Dilanjutkan pertemuan Tim Teknis Penyusunan draft RAD integrasi Program KB dan kesehatan ibu berbasis hak dan serta estimasi pembiayaan kegiatan RAD berdasarkan panduan/modul yang telah
diberikan. Pokja provinsi dan fasilitator dari daerah berperan mendampingi proses penyusunan dokumen tersebut.
b. Alokasi APBD untuk penyusunan: RAD integrasi Program KB dan Kesehatan Ibu Berbasis Hak dan estimasi pembiayaan implementasi RAD (Hasil telah diperoleh dari kegiatan di no. 1) )

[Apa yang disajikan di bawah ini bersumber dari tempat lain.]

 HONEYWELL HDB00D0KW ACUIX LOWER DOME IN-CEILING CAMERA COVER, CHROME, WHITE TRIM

c. Penerbitan peraturan Bupati/Walikota tentang RAD integrasi Program KB dan Kesehatan Ibu Berbasis Hak ya dilengkapi estimasi pembiayaan pelaksanaan RAD 1) Pertemuan tim teknis untuk menyusun draft peraturan bupati/walikota
tentang RAD integrasi Program KB dan kesehatan ibu berbasis hak yang telah dilengkapi estimasi pembiayaan implementasi RAD dan draft SK bupati/walikota tentang pembentukan Pos Komando
2) Audiensi ke bupati/walikota untuk pengesahan draft RAD integrasi Program KB dan kesehatan ibu berbasis hak yang telah dilengkapi estimasi pembiayaan implementasi RAD. Kegiatan ini menghasilkan peraturan bupati/walikota tentang RAD integrasi Program KB dan kesehatan ibu berbasis hak yang dilengkapi estimasi pembiayaan implementasi RAD dan SK bupati/walikota tentang pembentukan Pos Komando
d. Alokasi APBD untuk pembiayaan kegiatan RAD integrasi Program KB dan Kesehatan Ibu Berbasis Hak (Hasil telah diperoleh dari kegiatan di no. 2) )

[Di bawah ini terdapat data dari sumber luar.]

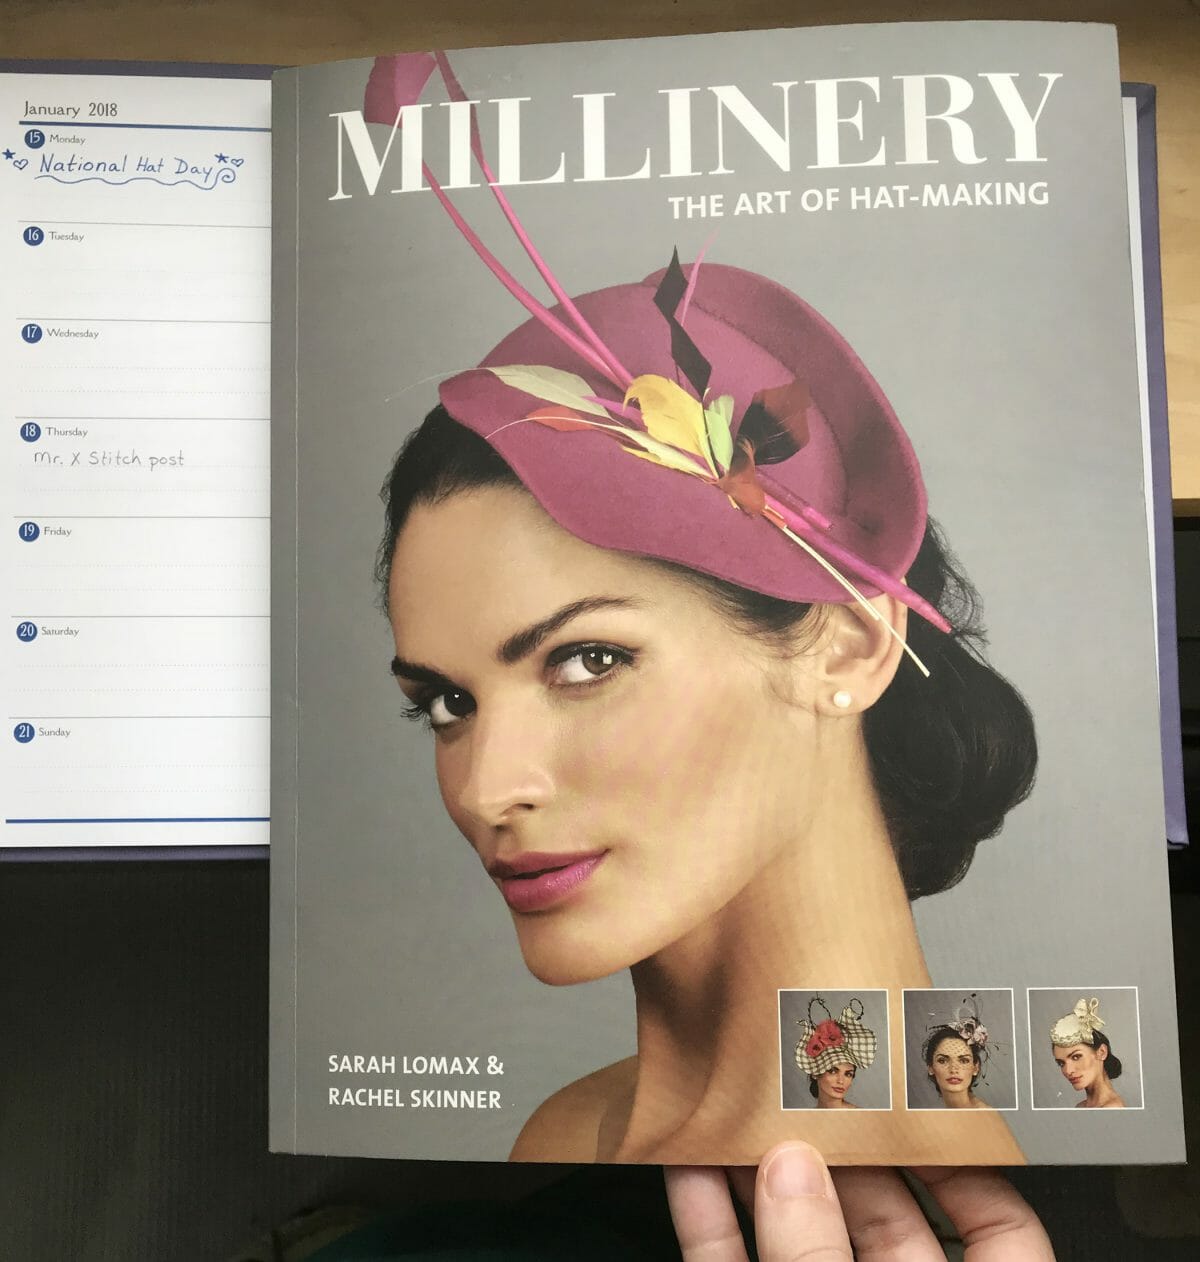 Book Review: “Millinery – The Art of Hat-Making”

e. Penerbitan peraturan bupati yang mencantumkan kewenangan lokal skala desa, menu kegiatan, dan alokasi APBDesa untuk kegiatan keluarga berencana dan kesehatan ibu di tingkat desa 1) Pokja bersama OPD Pemberdayaan masyarakat & pemerintahan desa,
asosiasi kepala desa/gampong dan tenaga ahli pendamping desa untuk menyusun draft peraturan bupati yang mencantumkan kewenangan lokal skala desa, menu kegiatan, dan alokasi APBDesa untuk kegiatan keluarga berencana dan kesehatan ibu di tingkat desa.

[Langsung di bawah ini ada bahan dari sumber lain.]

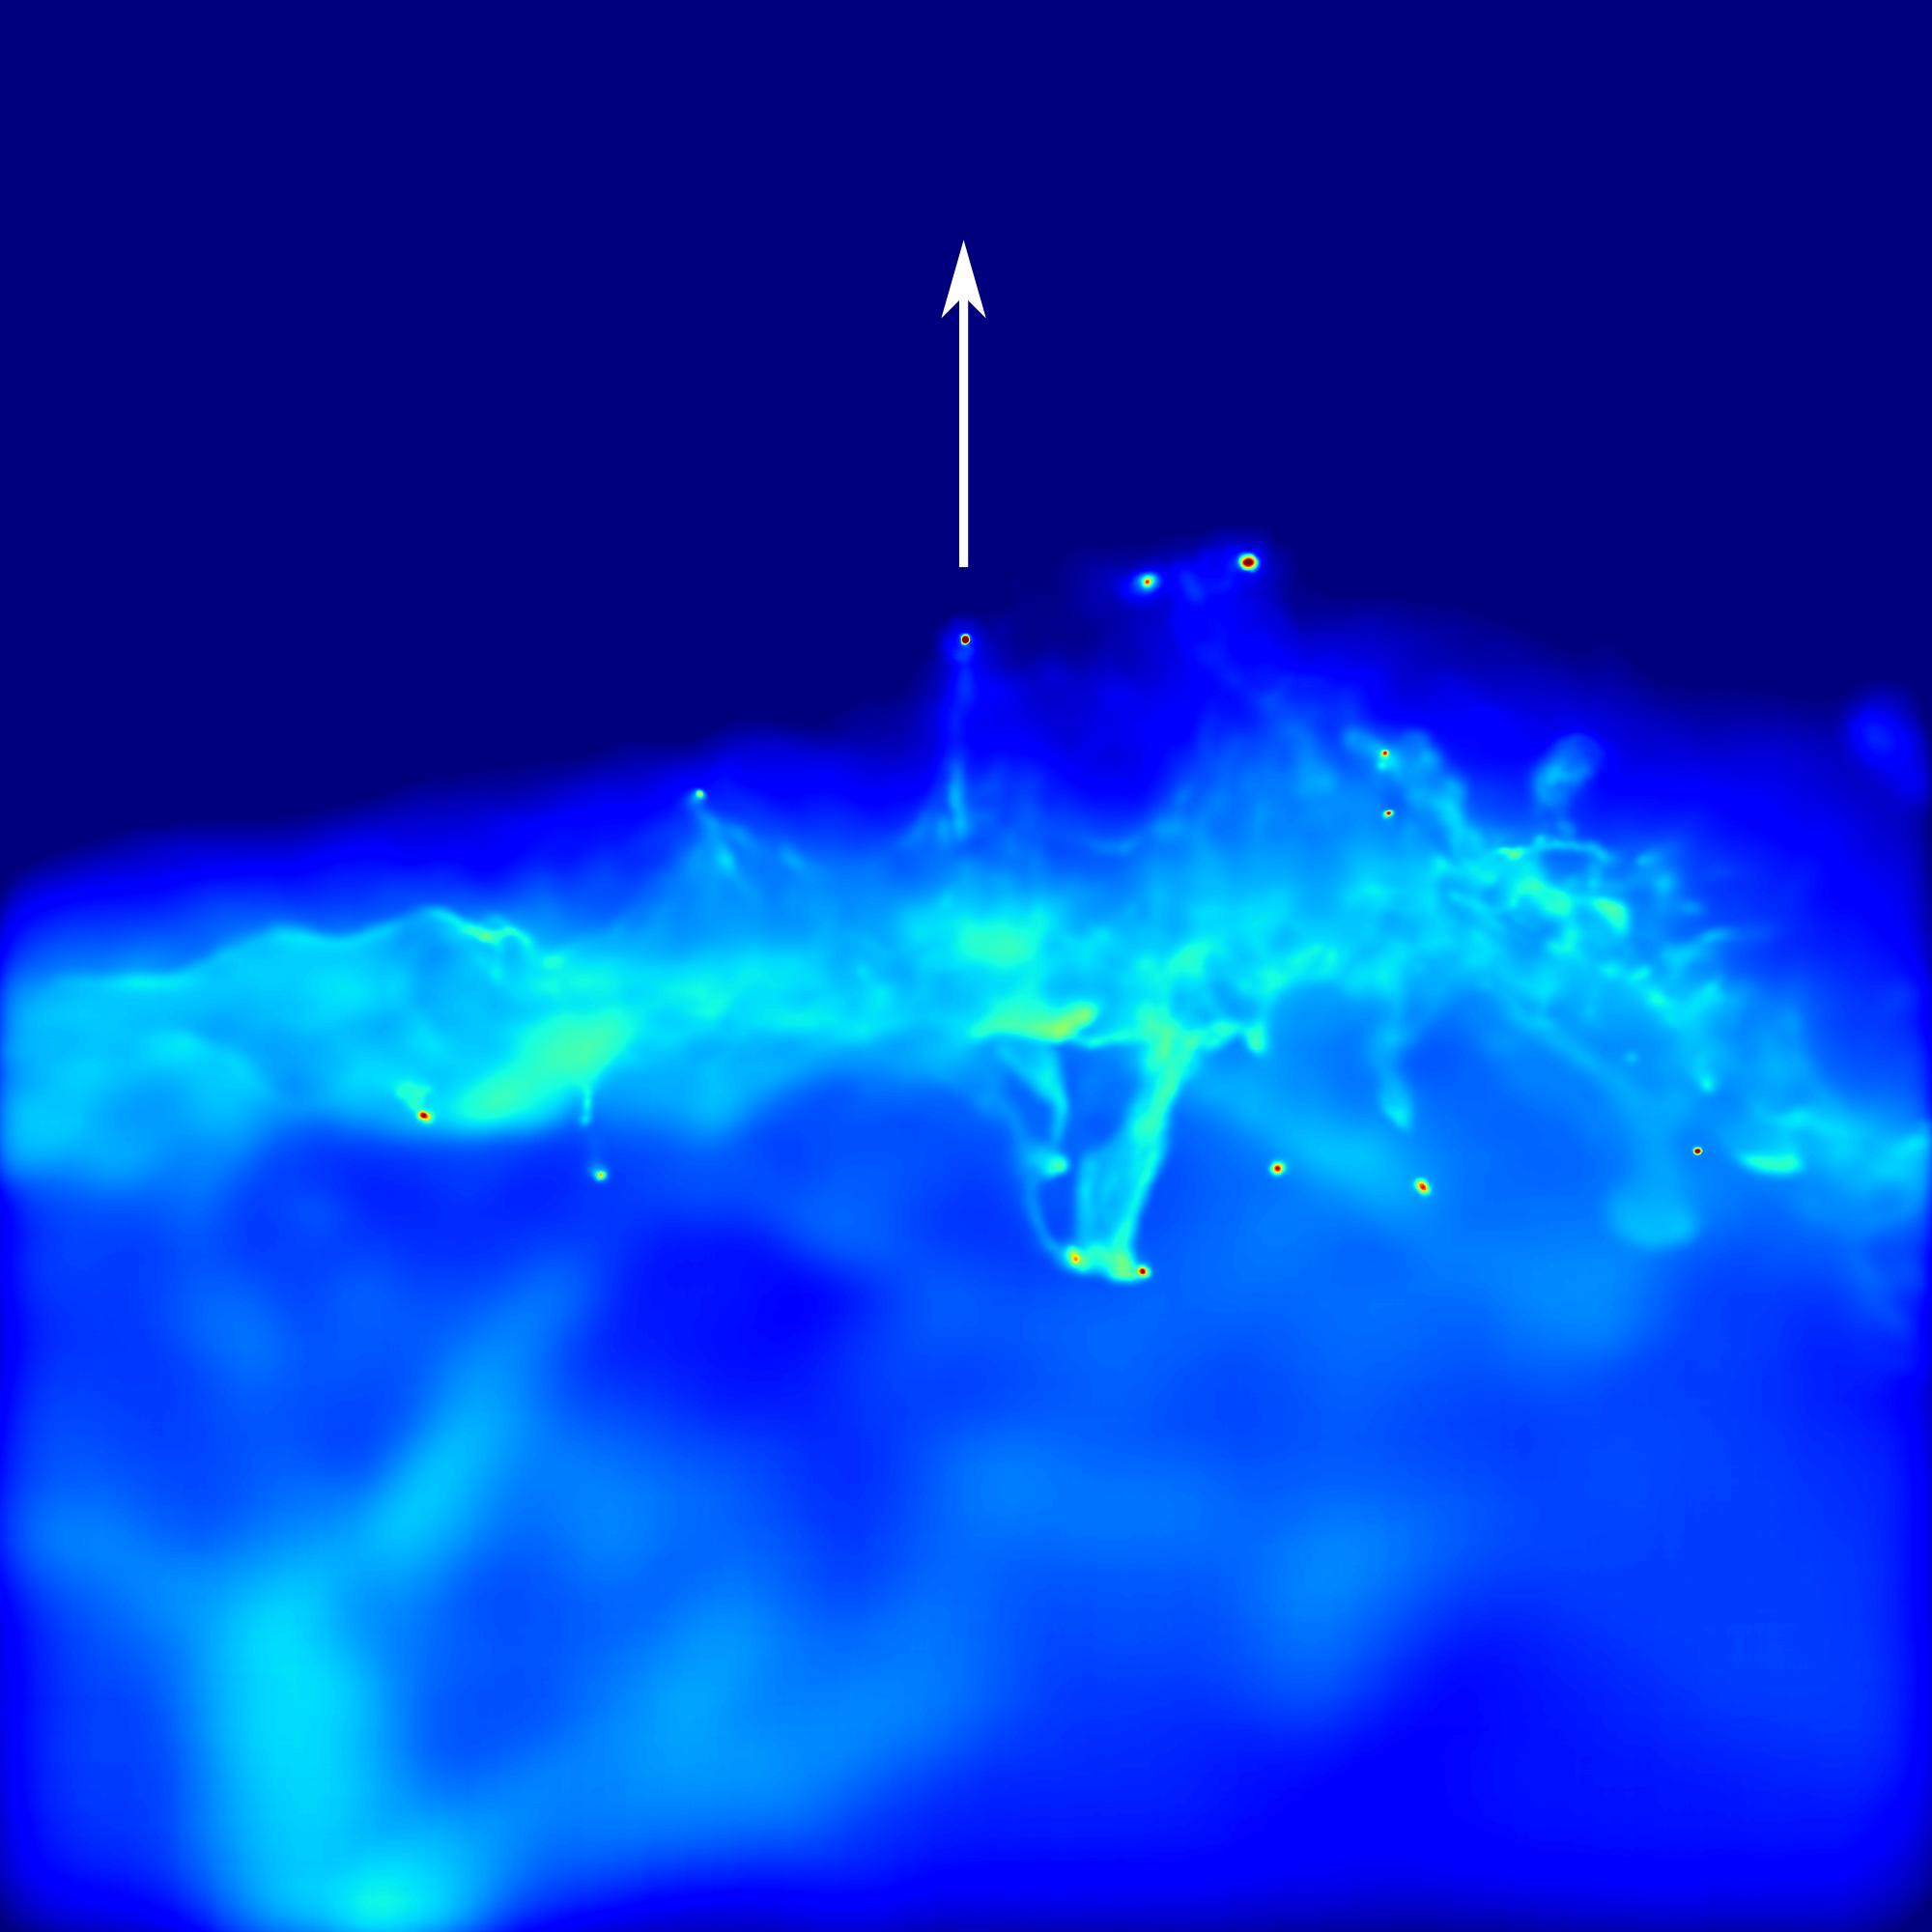 Computer-Simulation des Cosmic Web Stripping

2) Pertemuan advokasi ke bupati/walikota untuk pengesahan draft peraturan bupati yang mencantumkan kewenangan lokal skala desa, menu kegiatan, dan alokasi APBDesa untuk kegiatan keluarga berencana dan kesehatan ibu di tingkat desa.
3) Advokasi ke kepala desa tentang pentingnya desa dalam menindaklanjuti pengesahan draft peraturan bupati yang mencantumkan kewenangan lokal skala desa, menu kegiatan, dan alokasi APBDesa untuk kegiatan keluarga berencana dan kesehatan ibu di tingkat desa.
4) Bimbingan teknis dari pokja kab/kota bersama kecamatan kepada kepala dan perangkat desa tentang penyusunan/revisi RPJMDesa yang
mencantumkan prioritas keluarga berencana dan kesehatan ibu di desa. Kegiatan ini melibatkan asosiasi kepala desa/gampong dan tenaga ahli pendamping desa Kegiatan bimbingan teknis menghasilkan penerbitan RPJMDesa yang mencantumkan prioritas isu tentang keluarga berencana dan KB di desa. Berikutnya, setiap tahun ditindaklanjuti dengan terbitnya RKPDesa yang mencantumkan kegiatan tentang keluarga berencana dan kesehatan ibu di desa dan alokasi APBDesa untuk membiayai kegiatan tersebut.
f. Pemantauan dan evaluasi Pemantauan dilakukan kelompok kerja untuk melihat proses pelaksanaan tahapan kegiatan advokasi dan keluaran dari setiap kegiatan. Sedangkan untuk evaluasi ditujukan untuk melihat dampak dari tindak lanjut hasil kegiatan advokasi. Dari kegiatan pemantauan dan evaluasi tersebut menjadi masukan untuk kegiatan perencanaan advokasi berikutnya. Laporan hasil pemantauan dan evaluasi disampaikan kepada bupati/walikota dan kelompok kerja provinsi.